Summary. The paper introduces FactoryBench, a benchmark of over 70k Q&A pairs grounded in industrial robot telemetry from FactoryWave (new UR3/KUKA dataset), AURSAD, and voraus-AD. Questions follow Pearl's ladder of causation across state, intervention, counterfactual, and decision levels, with four structured answer formats scored deterministically and free-form answers scored via LLM-as-judge voting. A scalable template-based generation framework is proposed. Zero-shot evaluation of six frontier LLMs reports no model exceeding 50% on structured levels or 18% on decision-making, interpreted as evidence of a wide gap to operational machine understanding.

Significance. If the benchmark construction and scoring protocols hold, the work offers a scalable, causally structured resource for probing LLM and time-series model capabilities in industrial settings, with the deterministic structured scoring providing an objective strength. The results, if interpreted with appropriate baselines, could usefully quantify current limitations in causal reasoning over telemetry and motivate targeted improvements.

major comments (1)

[Abstract and §5] Abstract and §5 (Zero-shot Evaluation): the central claim that LLM scores reveal a 'wide gap between current models and operational machine understanding' is not supported without reported human or expert performance baselines on the identical Q&A items. The deterministic structured scores (≤50%) and decision-making scores (≤18%) could reflect task difficulty rather than model deficiencies, undermining the gap interpretation.

minor comments (2)

[§4] §4 (Benchmark Construction): the LLM-as-judge voting protocol for free-form answers would benefit from explicit reporting of inter-judge agreement metrics and full prompt templates to support reproducibility.
[Abstract] The abstract states the benchmark evaluates both time-series models and LLMs, but only LLM zero-shot results are presented; clarify whether time-series models were evaluated and, if not, adjust the scope statement.

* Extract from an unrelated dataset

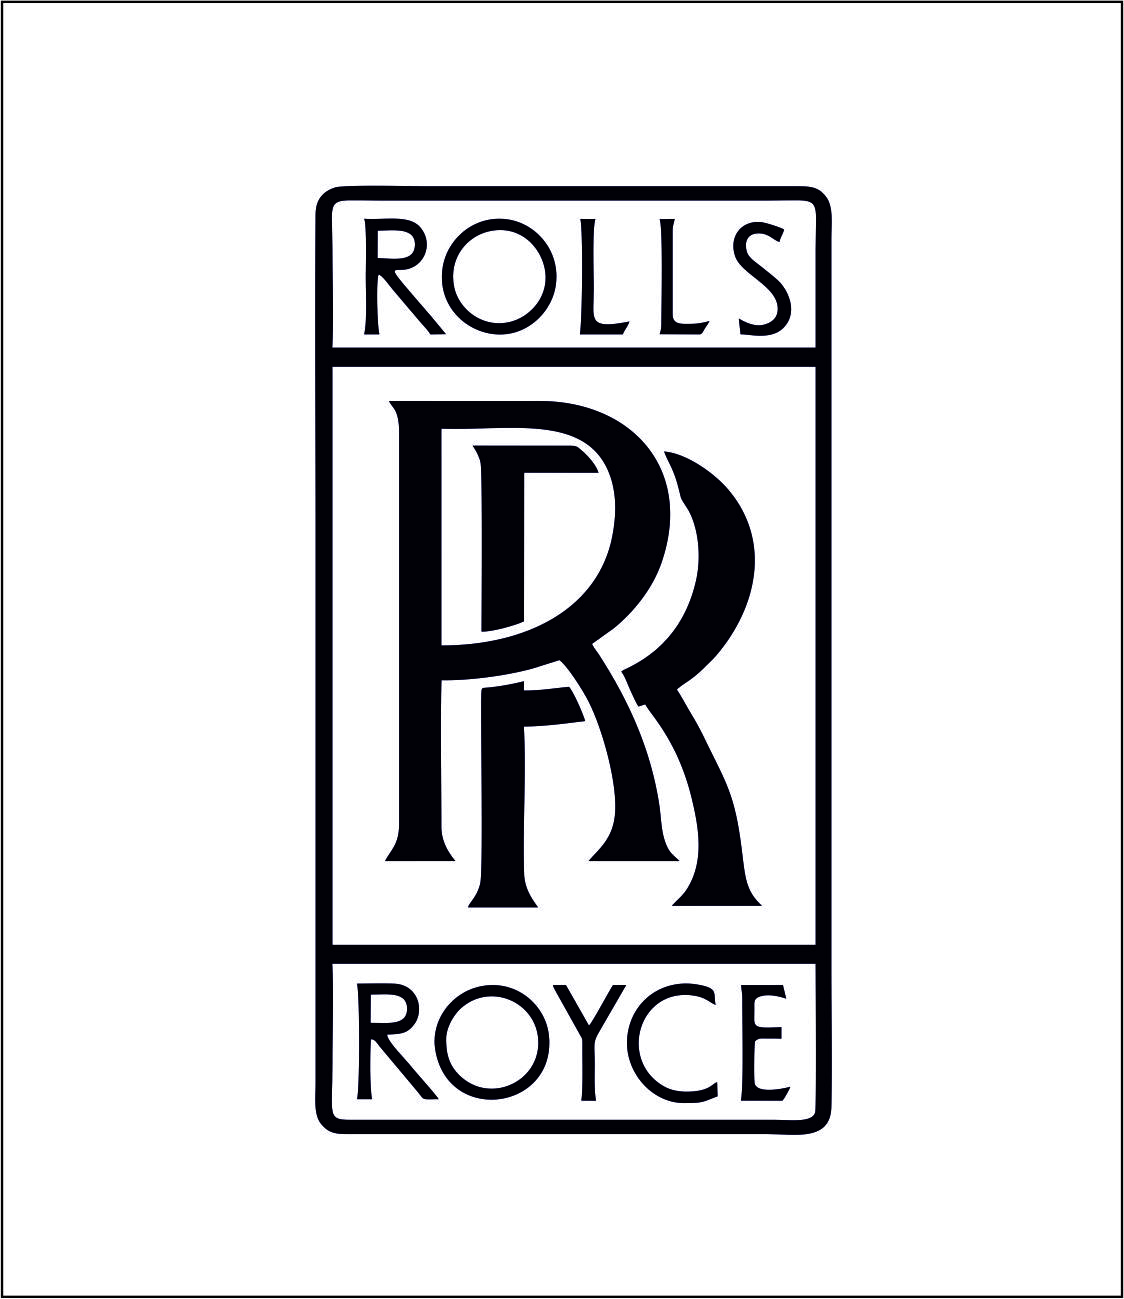 Rolls Royce | Rolls royce wallpaper, Rolls royce cars, Rolls royce

Simulated Author's Rebuttal

1 responses · 0 unresolved

We thank the referee for the detailed review and for identifying a key point regarding the strength of our interpretive claims. We address the major comment below and describe the revisions we will incorporate.

read point-by-point responses

Referee: [Abstract and §5] Abstract and §5 (Zero-shot Evaluation): the central claim that LLM scores reveal a 'wide gap between current models and operational machine understanding' is not supported without reported human or expert performance baselines on the identical Q&A items. The deterministic structured scores (≤50%) and decision-making scores (≤18%) could reflect task difficulty rather than model deficiencies, undermining the gap interpretation.

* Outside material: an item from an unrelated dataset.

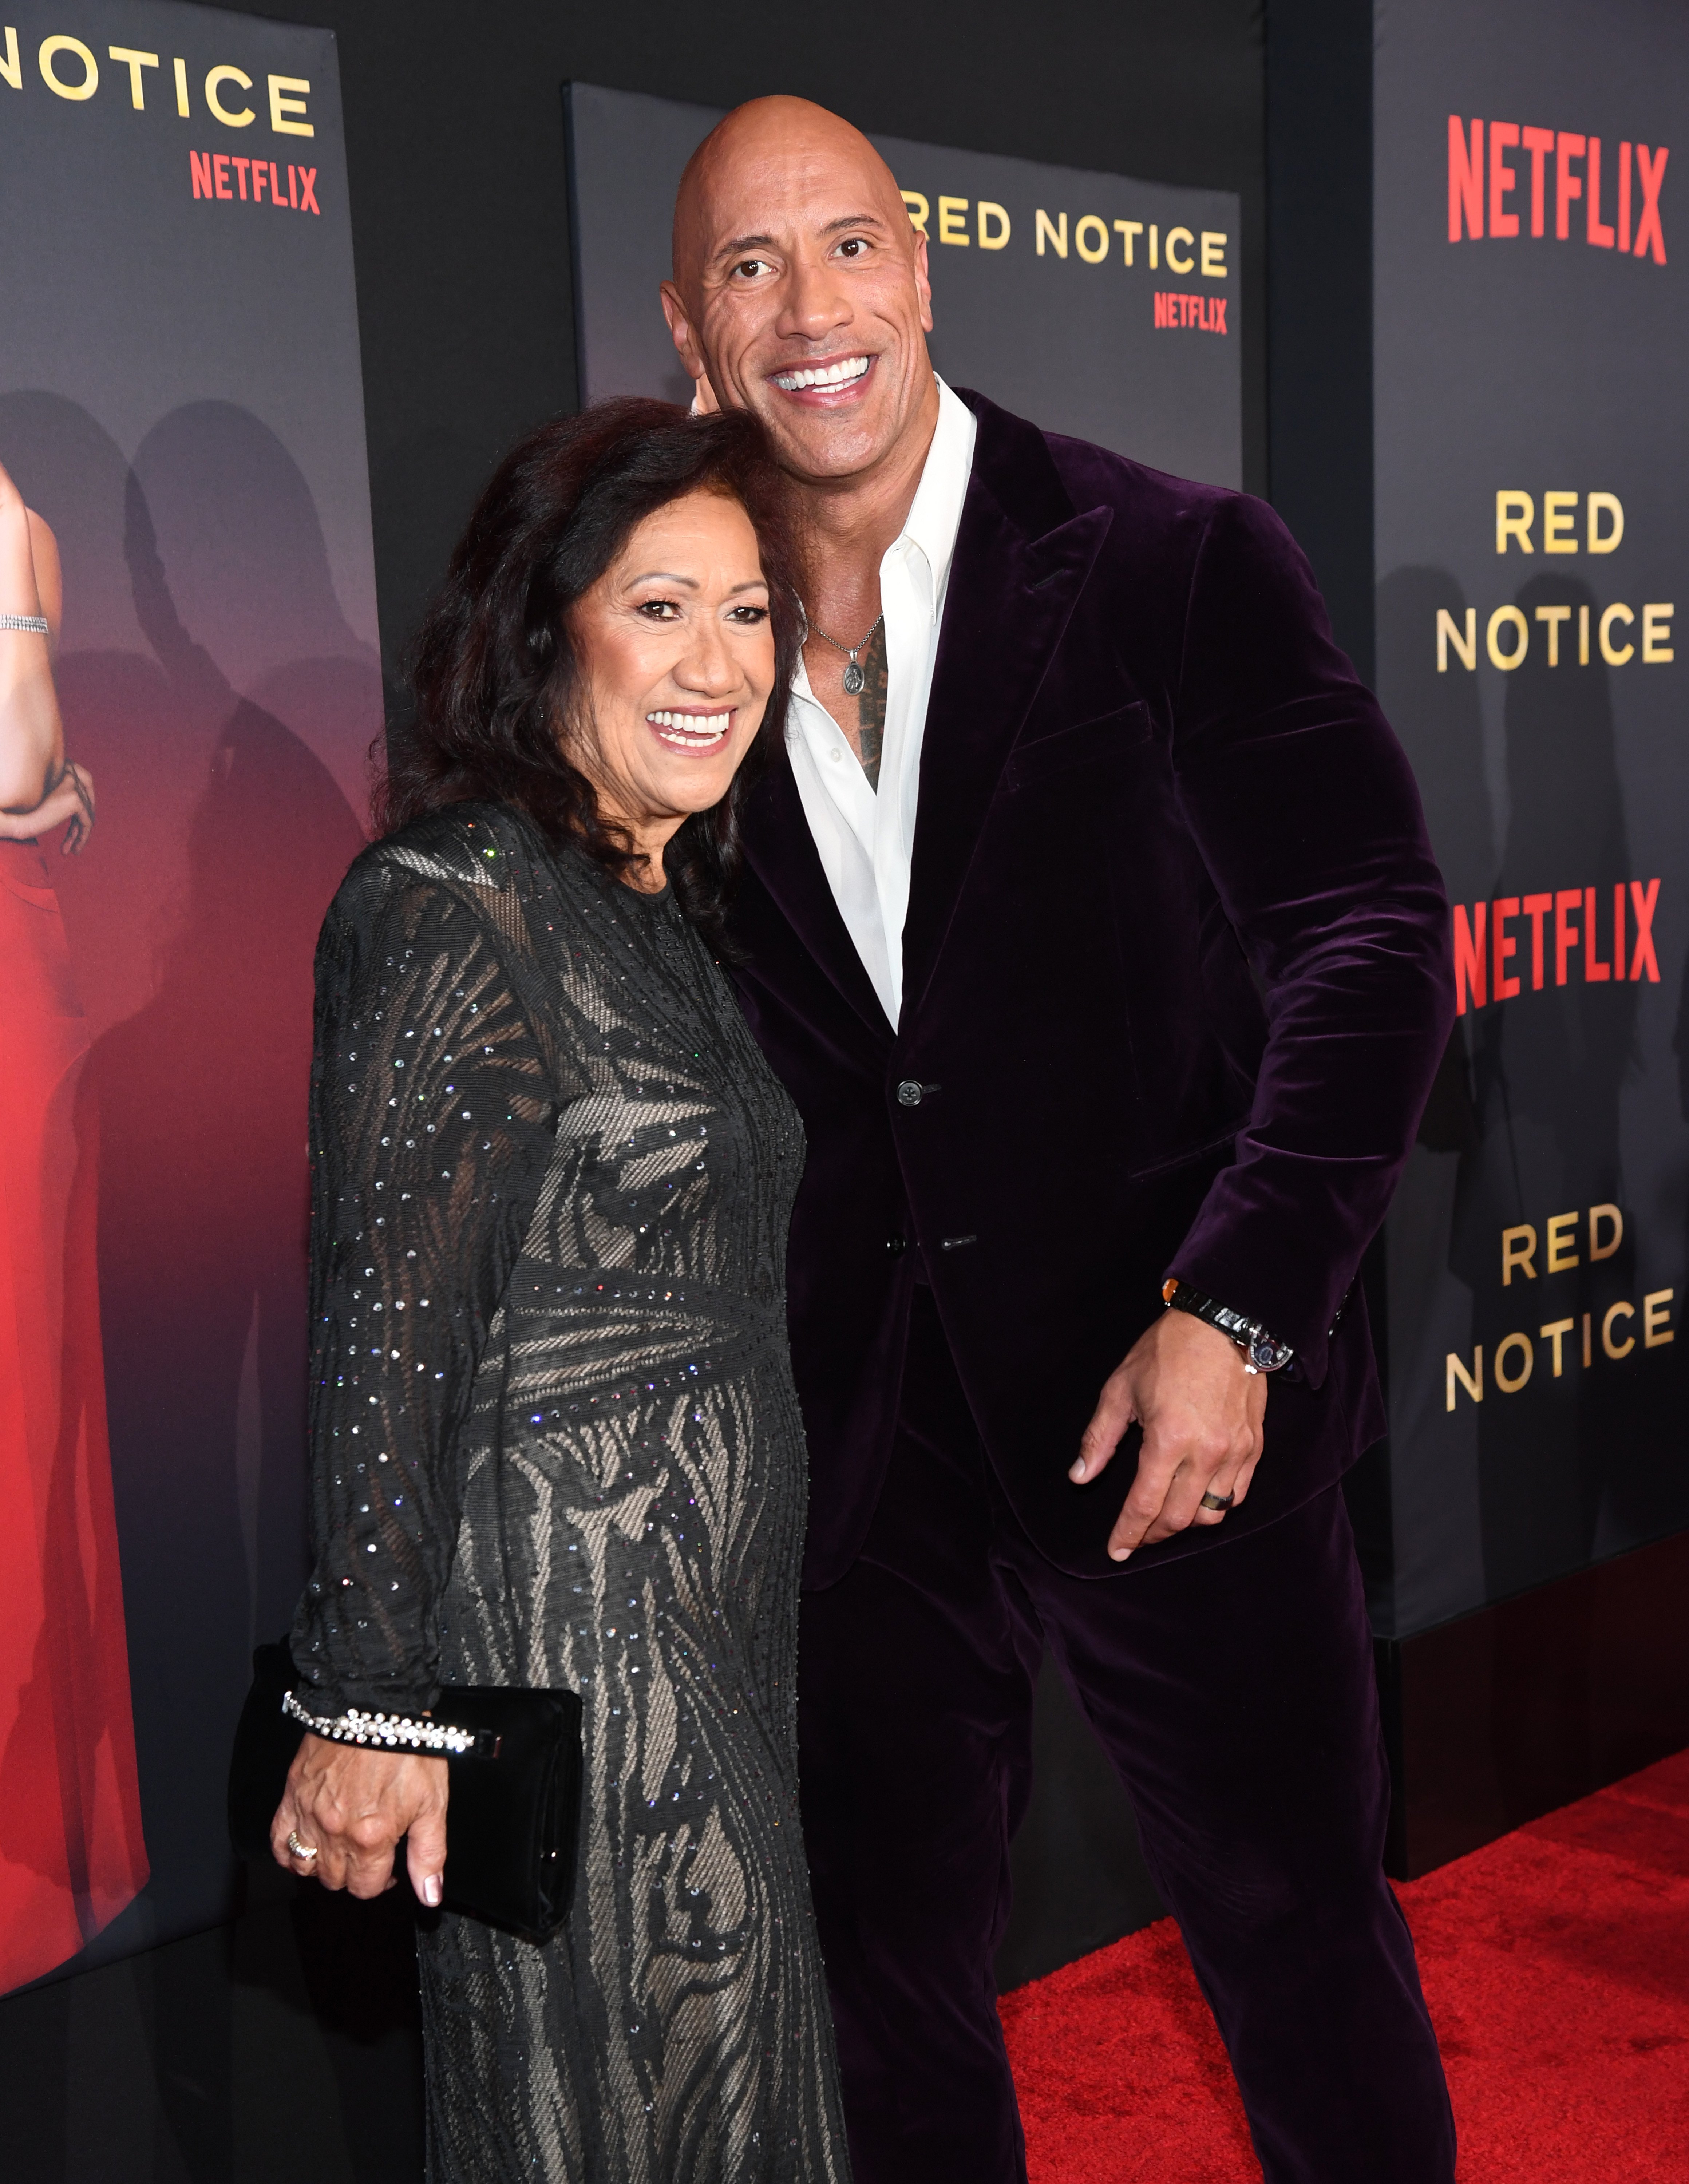 Ata Johnson y Dwayne Johnson asisten al estreno mundial de "Red Notice" de Netflix en Regal LA Live el 3 de noviembre de 2021 en Los Ángeles, California | Foto: Getty Images

Authors: We agree that the manuscript's interpretation of a 'wide gap' to operational machine understanding would be strengthened by human or expert performance baselines on the same items. The current version reports only zero-shot LLM results and does not include such baselines, so the claim rests on the design of the questions (grounded in real telemetry and Pearl's ladder) rather than direct comparison. We will revise the abstract and §5 to qualify the language, replacing the 'wide gap' phrasing with a more measured statement that the results demonstrate current frontier LLMs achieve low accuracy on structured causal and decision-making questions over industrial telemetry. We will also add a dedicated limitations paragraph noting the absence of expert baselines and suggesting their collection as valuable future work. This change preserves the empirical findings while addressing the concern that task difficulty alone could explain the scores. revision: partial

Circularity Check

0 steps flagged

Empirical benchmark construction with direct measurements; no derivation chain

full rationale

The paper introduces FactoryBench via structured question templates grounded in external datasets (FactoryWave, AURSAD, voraus-AD) and Pearl's ladder of causation. It reports zero-shot LLM scores as direct empirical measurements on deterministic structured formats and LLM-as-judge free-form scoring. No equations, fitted parameters, self-citations, or ansatzes are used to derive results; the central claims are benchmark scores, not predictions or theorems that reduce to the paper's own inputs by construction. This is self-contained empirical work.

Axiom & Free-Parameter Ledger

0 free parameters · 0 axioms · 0 invented entities

No mathematical derivations or theoretical assumptions beyond standard practices in benchmark construction and LLM evaluation.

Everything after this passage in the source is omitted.